[The data]
>>>

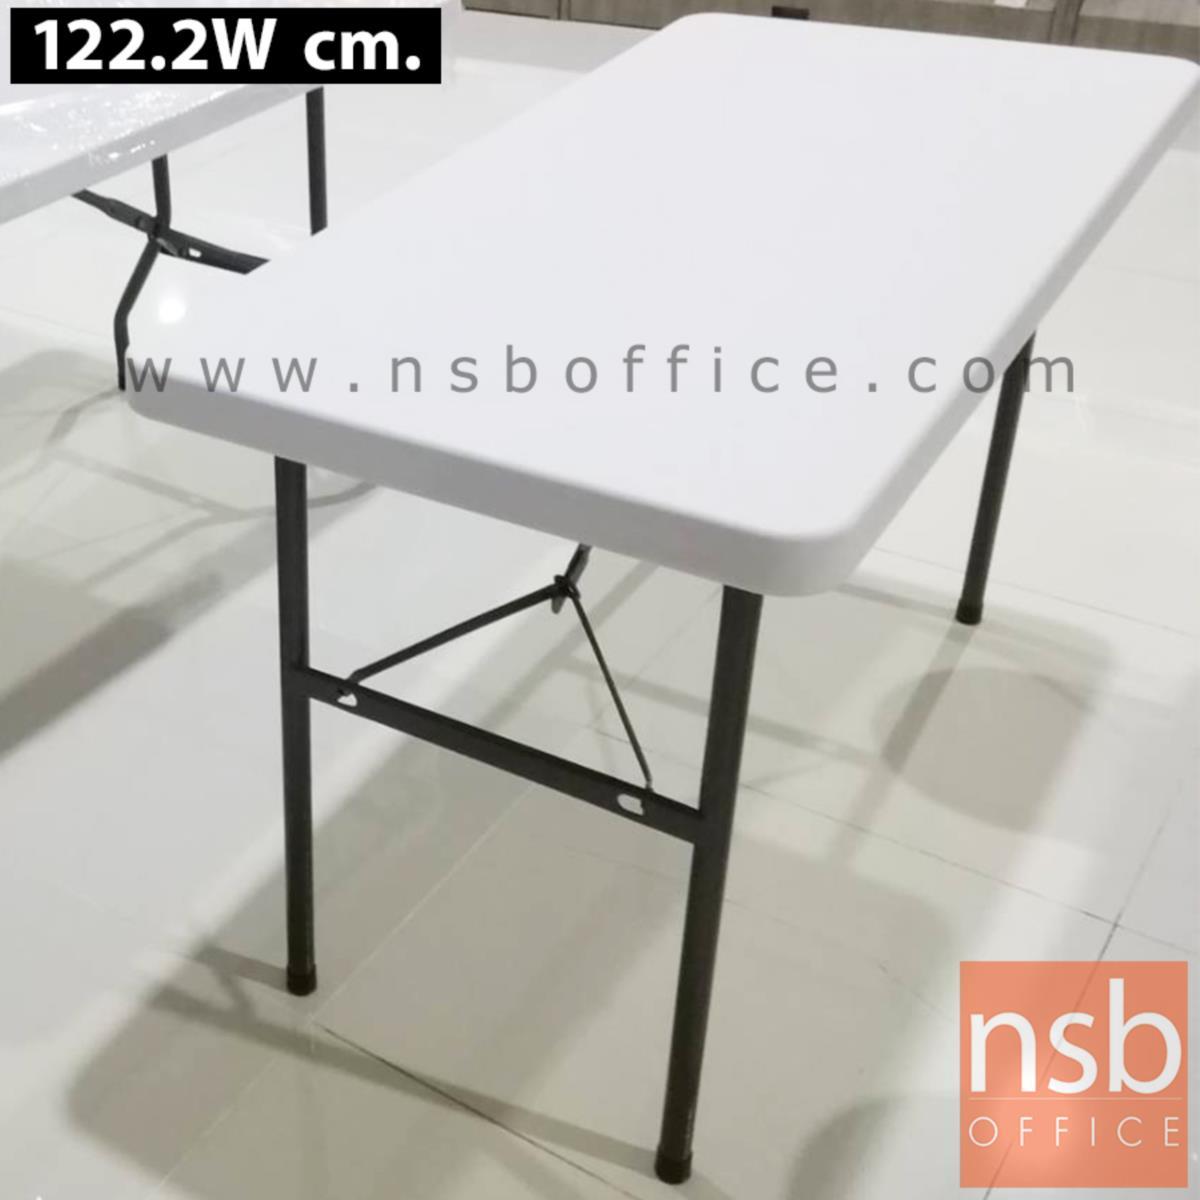 โต๊ะพับหน้าพลาสติก รุ่น Colossal (โคลอซซอล) ขนาด 122.2W, 150W, 180W cm.  ขาอีพ็อกซี่เกล็ดเงิน
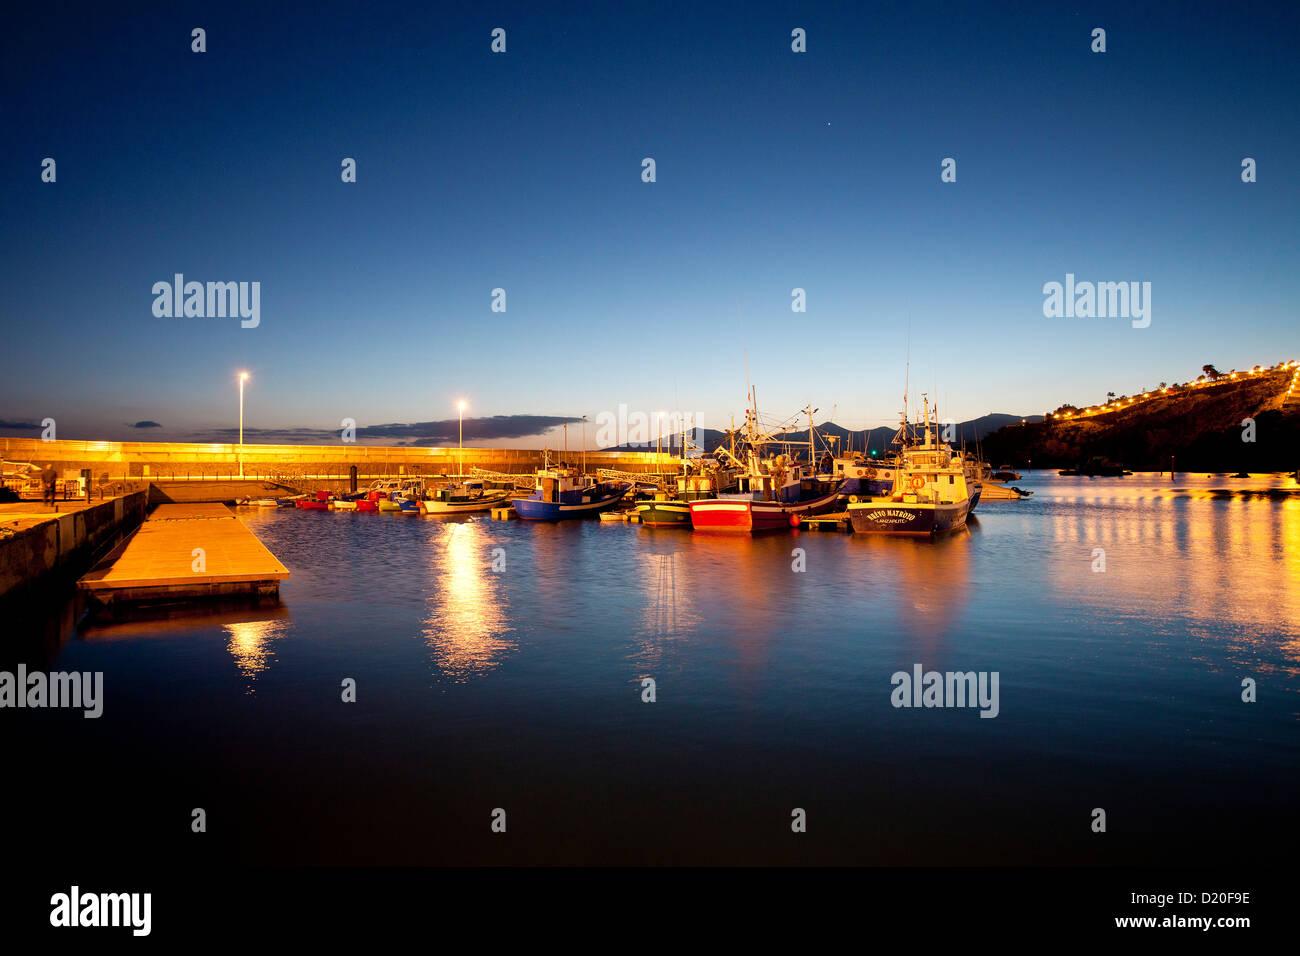 Puerto iluminado en la noche, Puerto del Carmen, Lanzarote, Islas Canarias, España, Europa Imagen De Stock
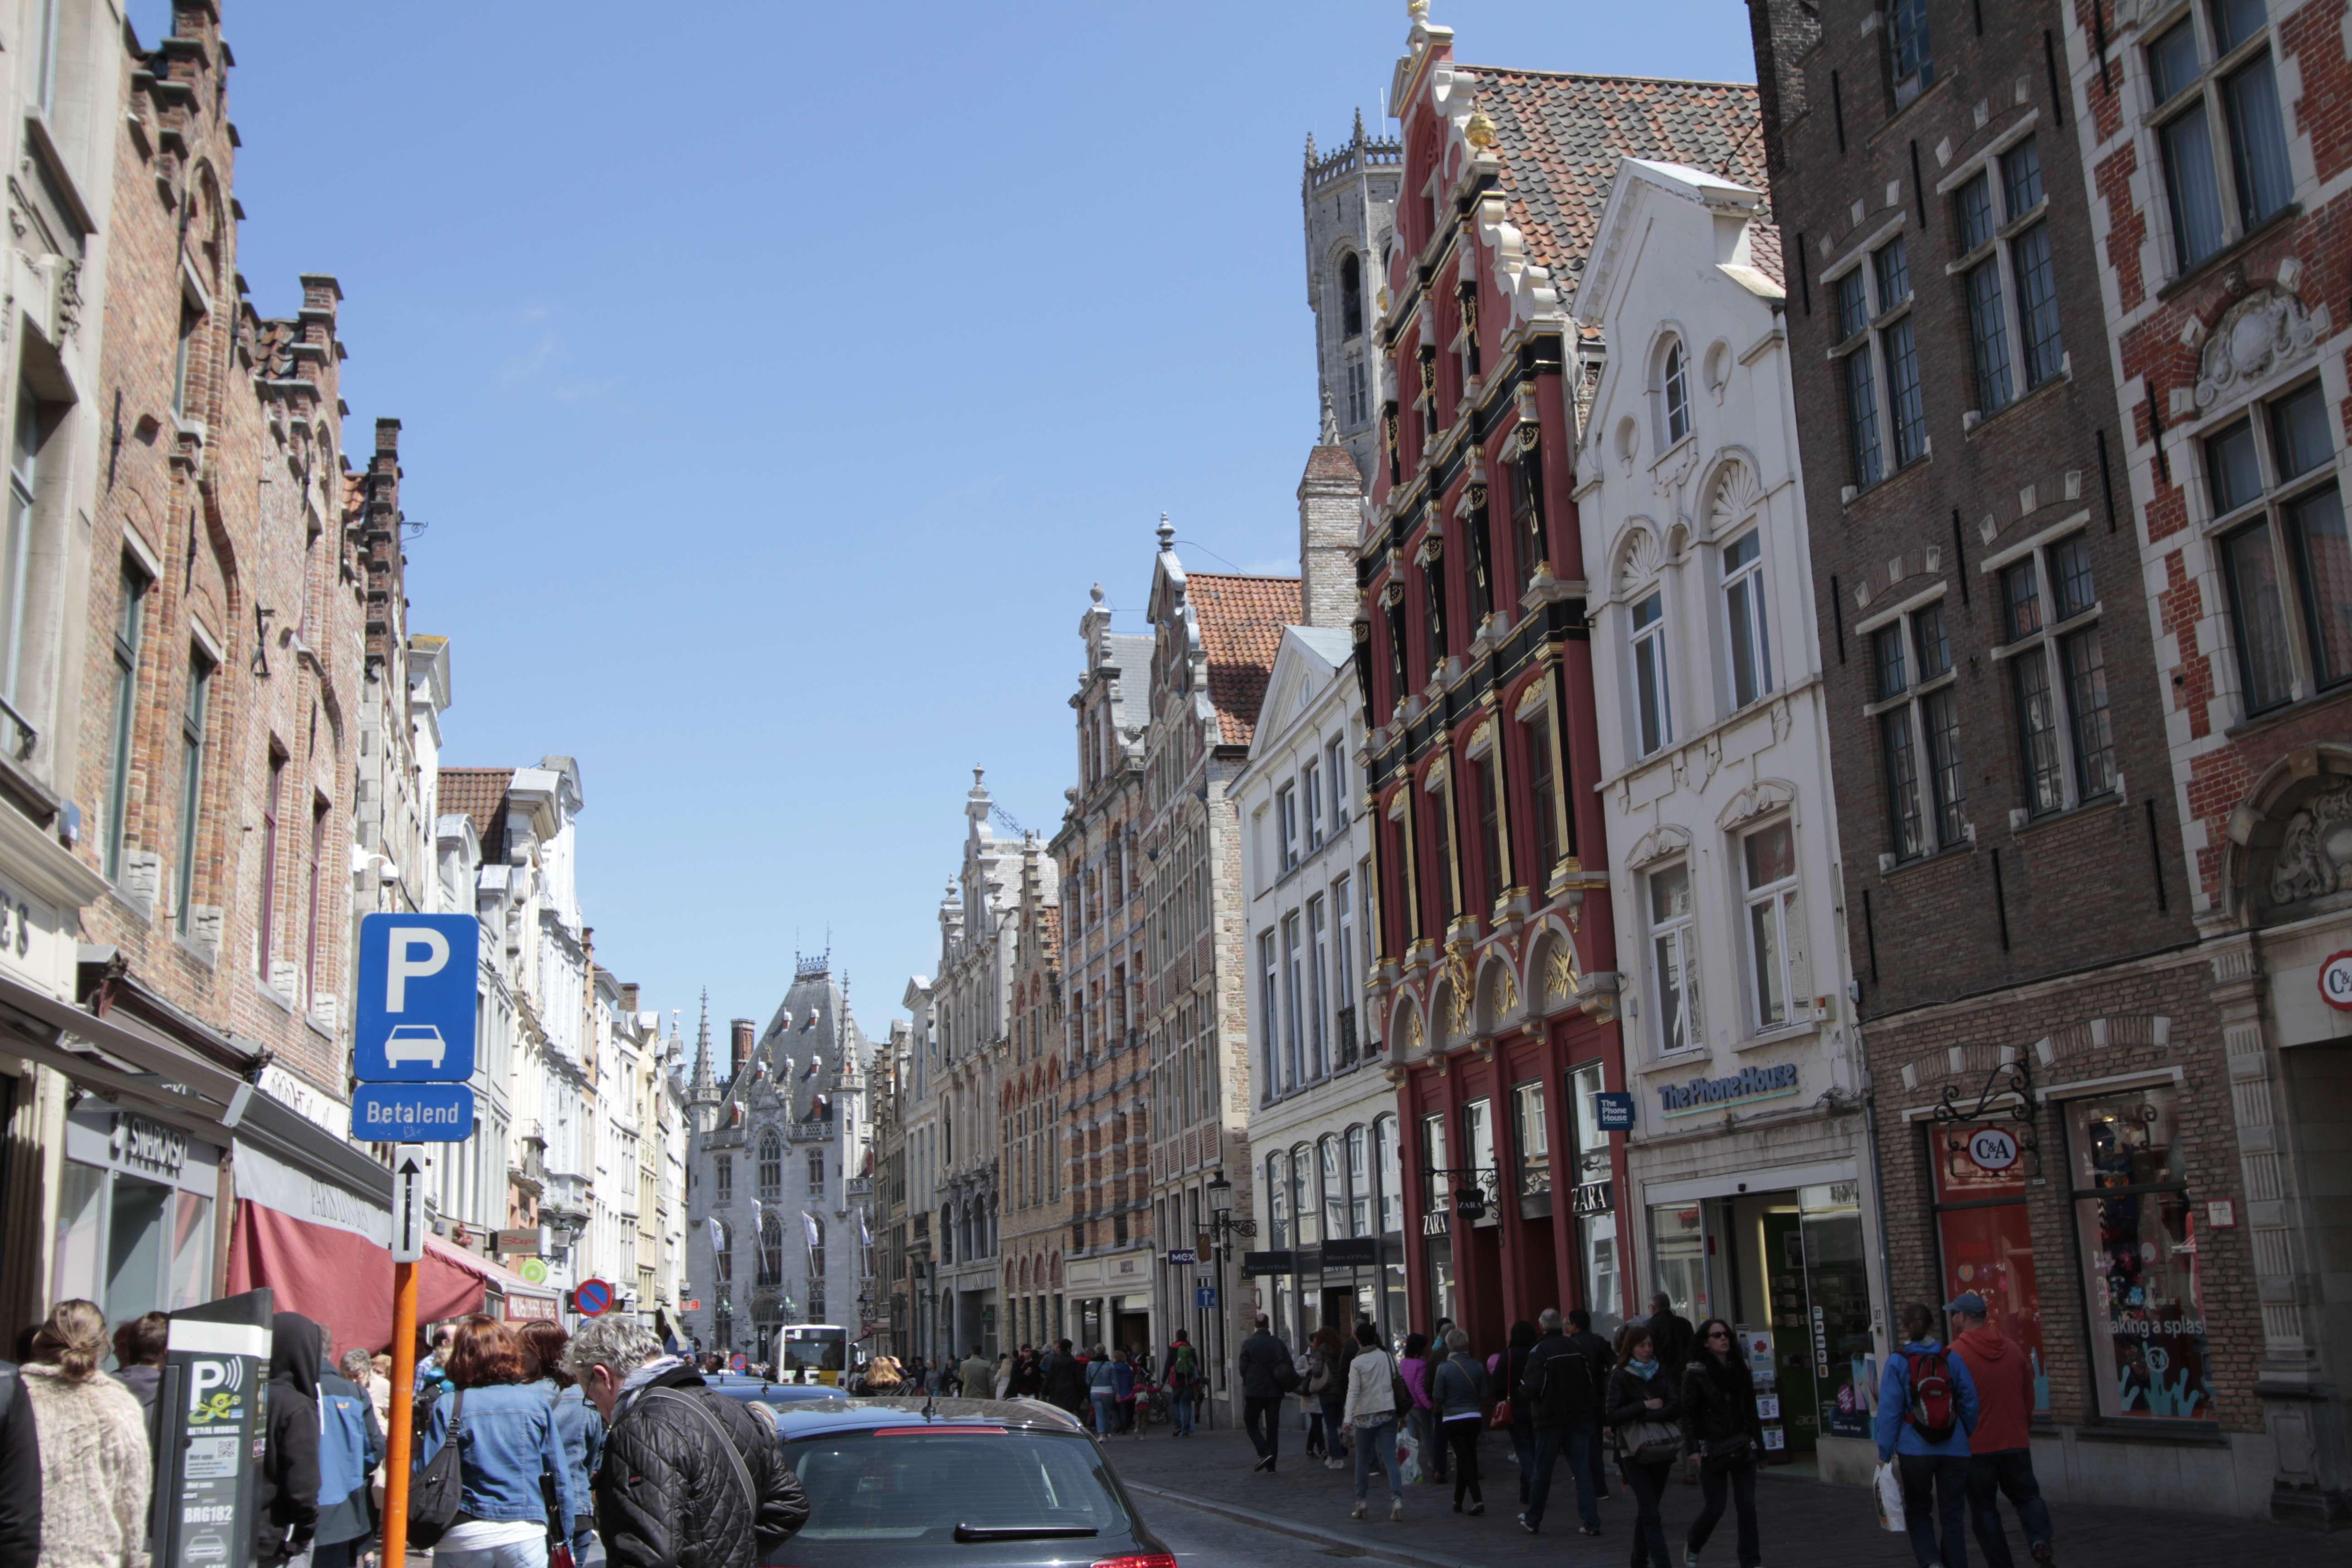 Belgique mai 2015_0148 Bruges entre beguinage et Markt

<<<

[What this task involves] What you print must be exactly the lines from the one containing "Puerto iluminado en" through the last line of the material, and no pictures.

[Exercise response]
 Puerto iluminado en la noche, Puerto del Carmen, Lanzarote, Islas Canarias, España, Europa Imagen De Stock
 Belgique mai 2015_0148 Bruges entre beguinage et Markt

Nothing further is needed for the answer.